In addition to triggering a mild cough stimulus, the described method has the further advantage that the low temperature of the water droplets means that a considerable proportion of the cold water droplets as such also leave the lungs together with the coughed-up air stream and do not evaporate during their stay in the airways. Water vapor is less suitable as a carrier for biological sample material, since only very small molecules can be absorbed. By contrast, much more valuable analytical sample material can be obtained via the droplet mist of the method described here.

The method described here is suitable, for example, for use in the context of tuberculosis screening. In the case of tuberculosis screening, a sputum sample is usually taken from the patient, and the bacteria to be detected are possibly located in the sputum. Liquefying the generally very viscous and sticky sputum, and isolating the bacteria possibly contained therein, is difficult and expensive, and therefore screening on the basis of sputum samples is generally difficult in larger groups of patients. Since coughing is brought about in a controlled manner in the method according to the invention and, in addition, the droplet mist provides a transport mechanism for taking up tuberculosis bacteria and for transporting these out of the lungs, the described method is particularly suitable for tuberculosis screening.

In a preferred embodiment of the method, the droplet mist is generated using an ultrasonic atomizer known per se. The generation of the mist by ultrasound has the particular advantage that the generation of the droplets does not require heating of the liquid that is to be atomized. In the ultrasound treatment itself, there is only slight heating of the liquid that is to be atomized. However, the atomization and droplet shape of the liquid, with the associated evaporative cold, is in some cases sufficient to create a subjective sensation of coldness and to bring about a cough that is triggered by this. The sensation of coldness is particularly preferably increased by cooling the generated mist and/or the liquid that is to be atomized. In a very simple and practical embodiment, for example, ice can be placed in the liquid that is to be atomized. In another embodiment, a Peltier element or another cooling element can be provided, for example, which cools the liquid that is to be atomized and/or cools the mist itself.

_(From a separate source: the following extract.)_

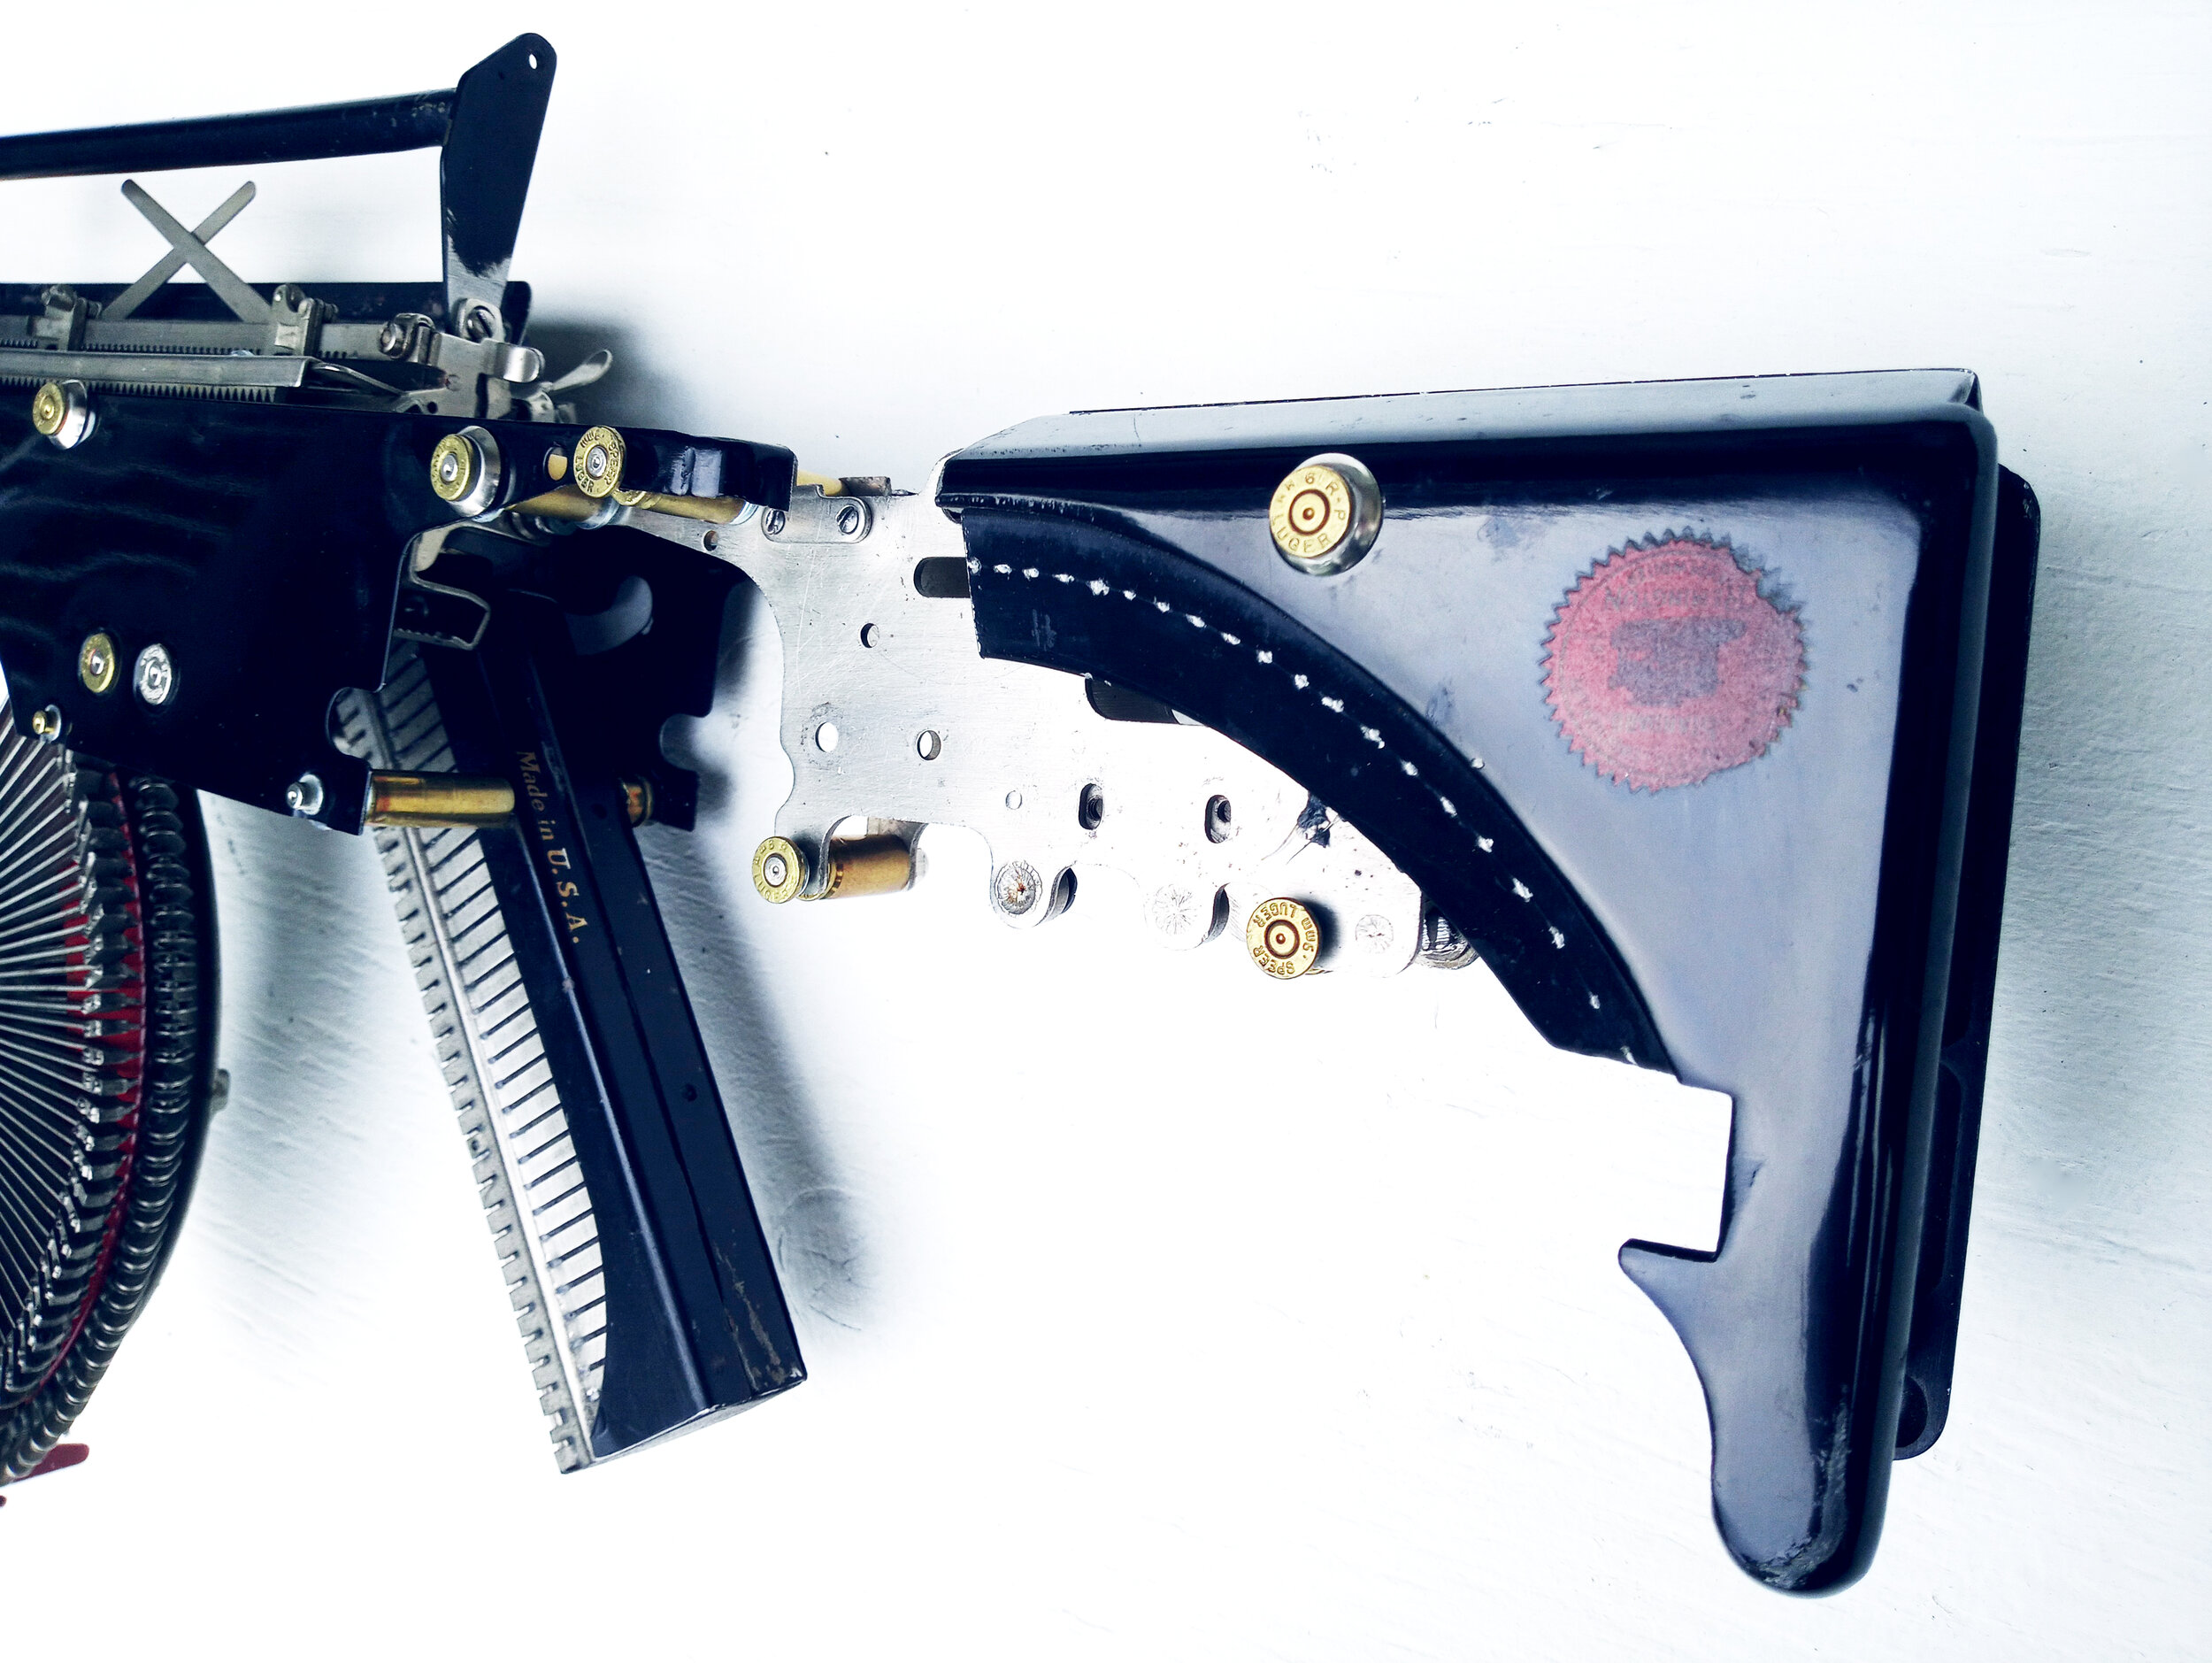  Eric Nado  - Remington Trilogy  - Typewriter MachineGun series- Aprox. Size: 11" x 30" x 3” inches. Transformed vintage Remington typewriter gun - Sculptural Wall Installation

Apparatuses for ultrasonic atomization are known per se and are available at reasonable cost. Suitable apparatuses are installed, for example, in so-called home inhalers, which can in principle be used for the method described here.

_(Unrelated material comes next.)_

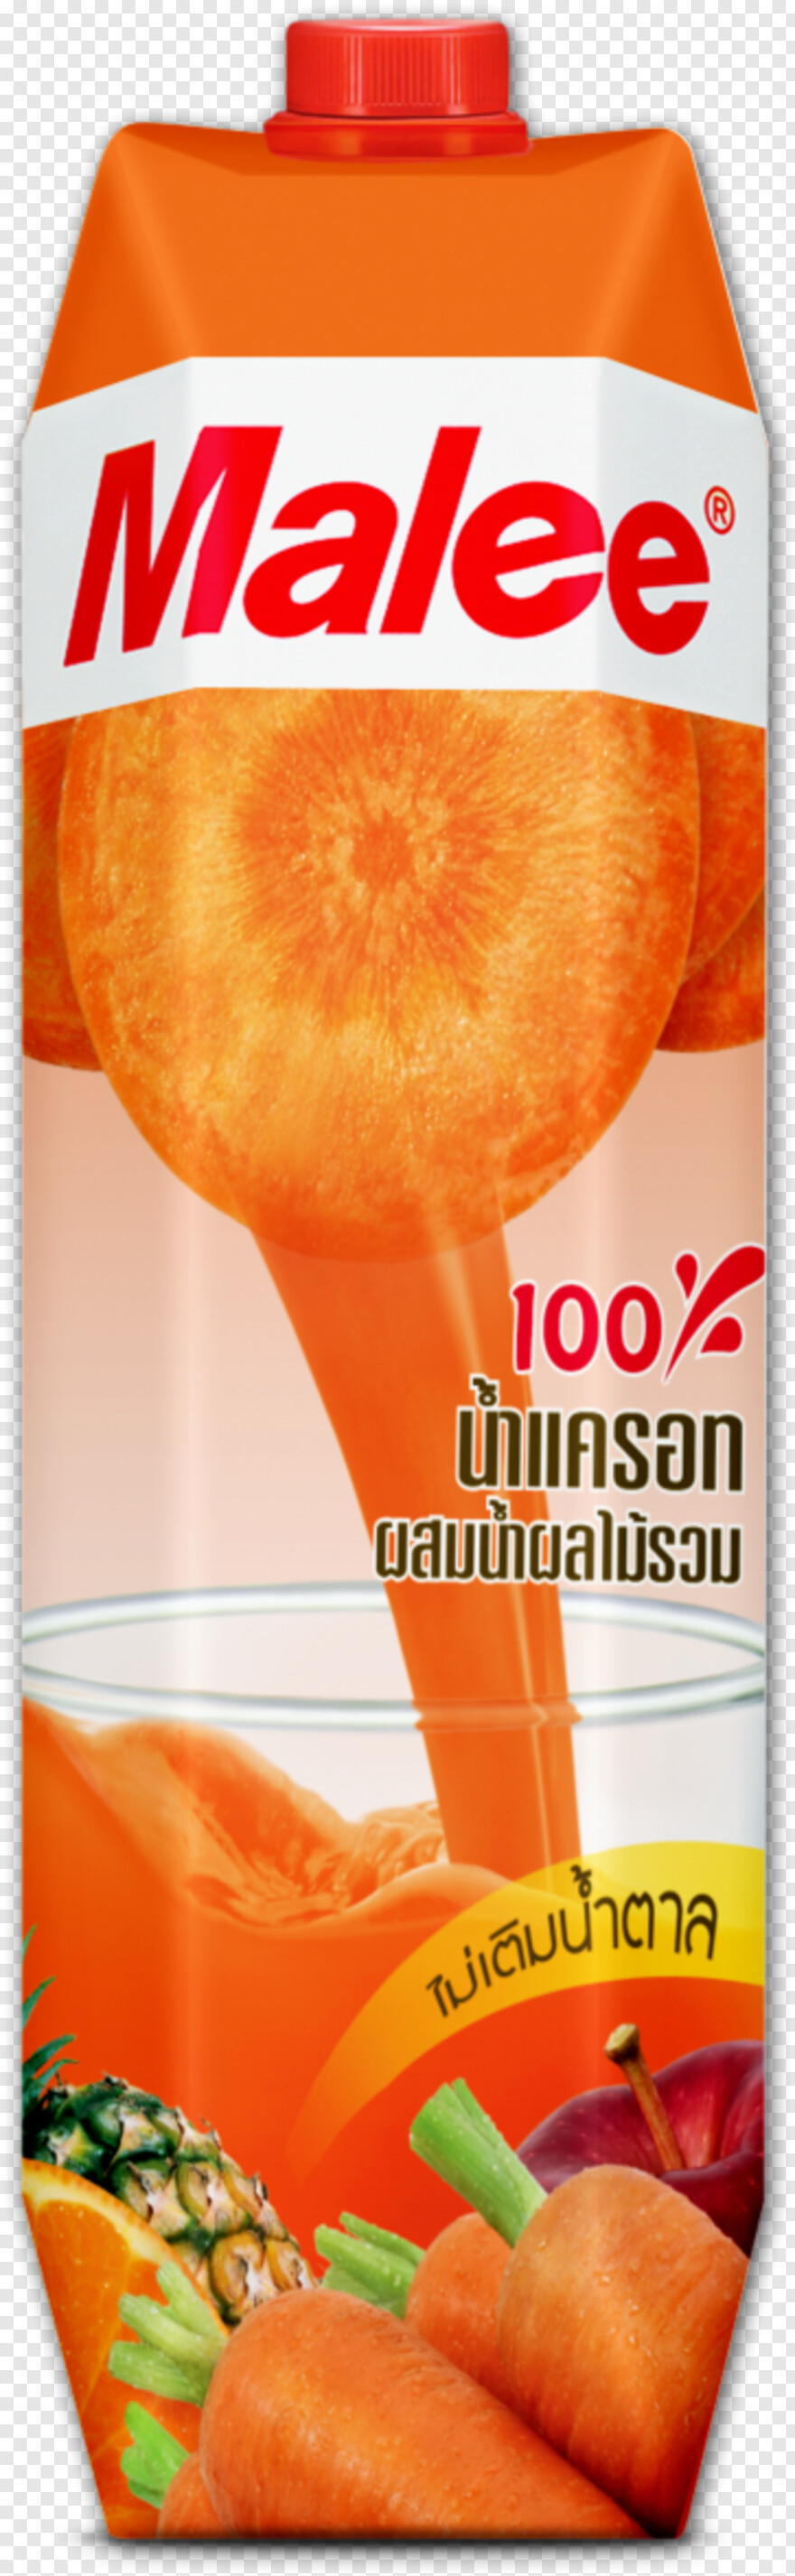 orange-juice # 1061139

In the method described here, provision is made that the droplet mist is firstly inhaled, and then the exhaled and/or coughed-up material is collected. For this purpose, a suitable apparatus can be provided via which the droplet mist is first of all inhaled. The exhaled flow of air is then blown back into the apparatus and is diverted within the apparatus, for example with the aid of a check valve, to a suitable collecting vessel. During the collecting process, the exhaled flow of air or the exhaled and/or coughed-up material is preferably guided through a filter (e.g. a filter frit) to which the material to be analyzed is bound. For example, bacteria, viruses, fungi, fungal spores, DNA, RNA and/or proteins contained in the exhaled flow of air can be bound to a filter and collected, before the material is further processed and, for example, used for immunological or molecular biological analysis. Processes that are open to automation can advantageously be used for an analysis, for example lab-on-a-chip systems which are particularly suitable, especially for screening methods or other methods with a high throughput of samples.

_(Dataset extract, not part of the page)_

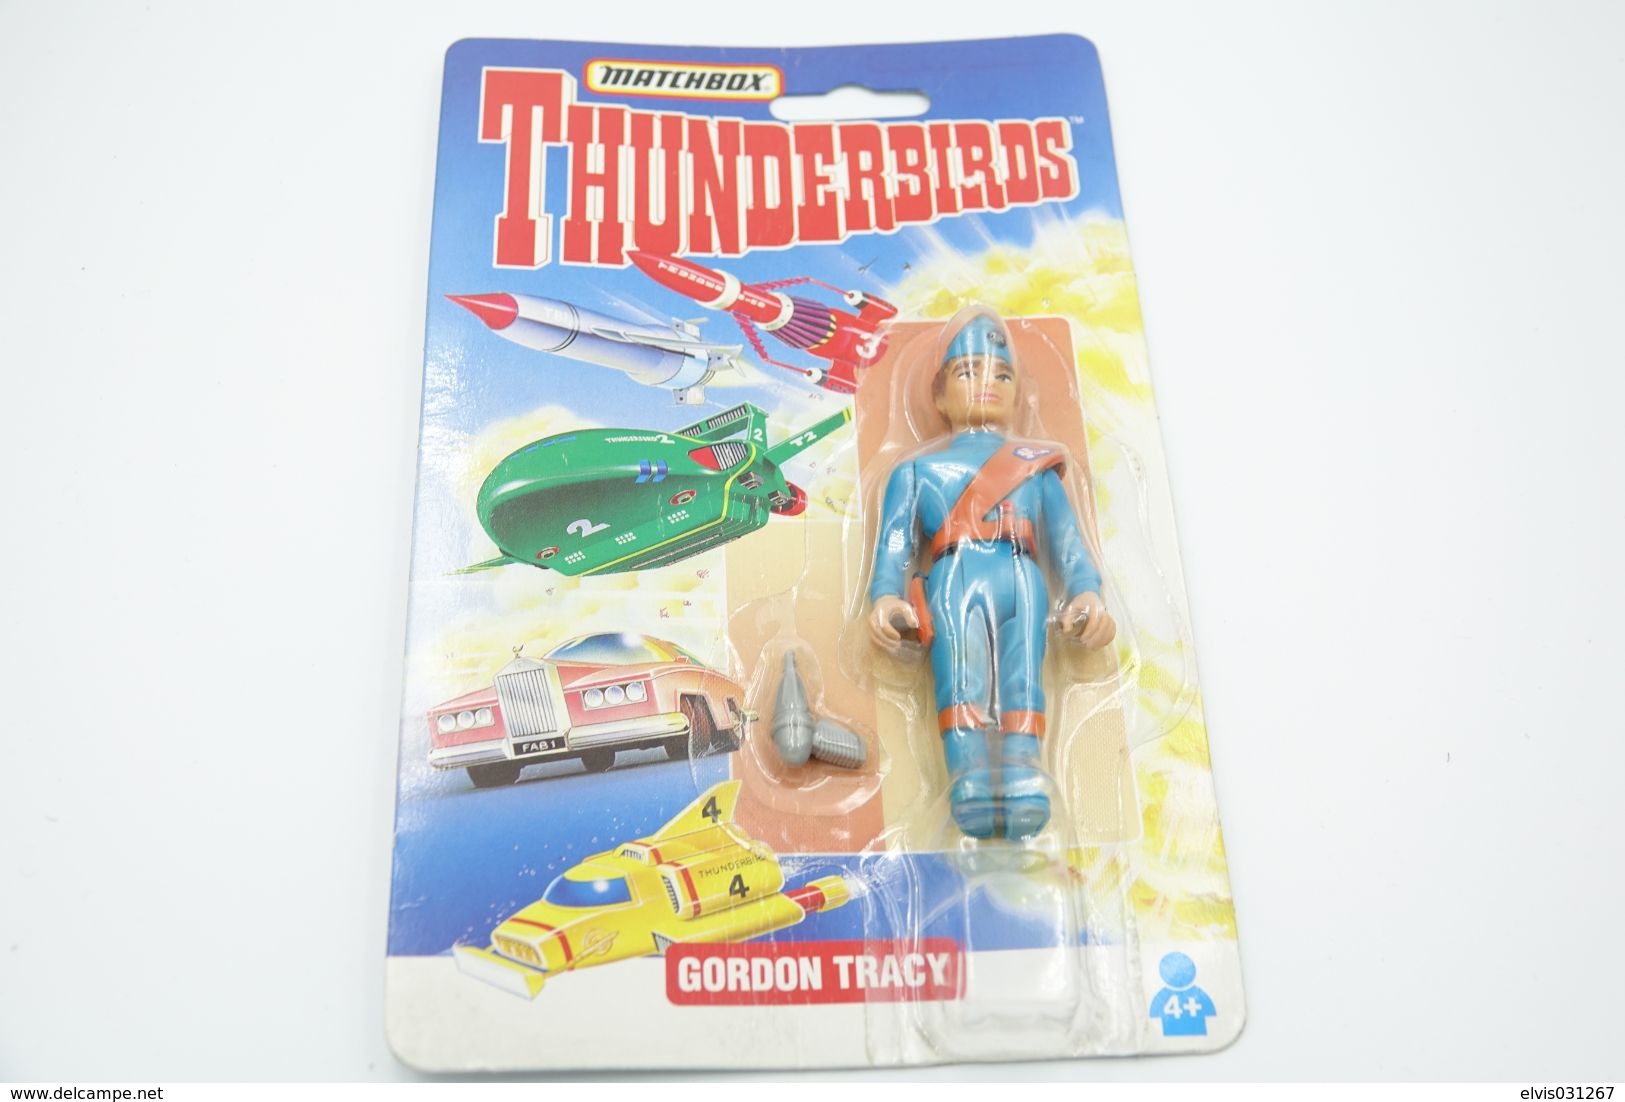 Vintage ACTION FIGURE THE THUNDERBIRDS : GORDON TRACY  - MOC MINT ON CARD - Original MATCHBOX 1992-3 - LESNEY - GI JOE - Action Man

The invention further comprises an apparatus for obtaining a breath sample from a test person. Here, the apparatus comprises a device for generating a droplet mist, the temperature of which is preferably below the ambient temperature. Furthermore, a device is provided for the aspiration of the droplet mist by the test person and for collecting exhaled and/or coughed-up material. The droplet mist is preferably generated using ultrasound technology. For this purpose, in addition to the actual ultrasound transmitter, a storage vessel is provided for storing the liquid that is to be atomized. The latter is in particular an aqueous solution, for example water. If necessary, further additives can be contained in the aqueous solution, for example dissolved common salt (NaCl), in particular in a physiological or isotonic concentration of about 0.9 g/l water (154 mmol/l). Such a physiological saline solution has the same osmotic pressure as blood, so that the droplets of the mist based on the saline solution are not absorbed or resorbed by the lungs and are able to leave the lungs again particularly efficiently when coughed up.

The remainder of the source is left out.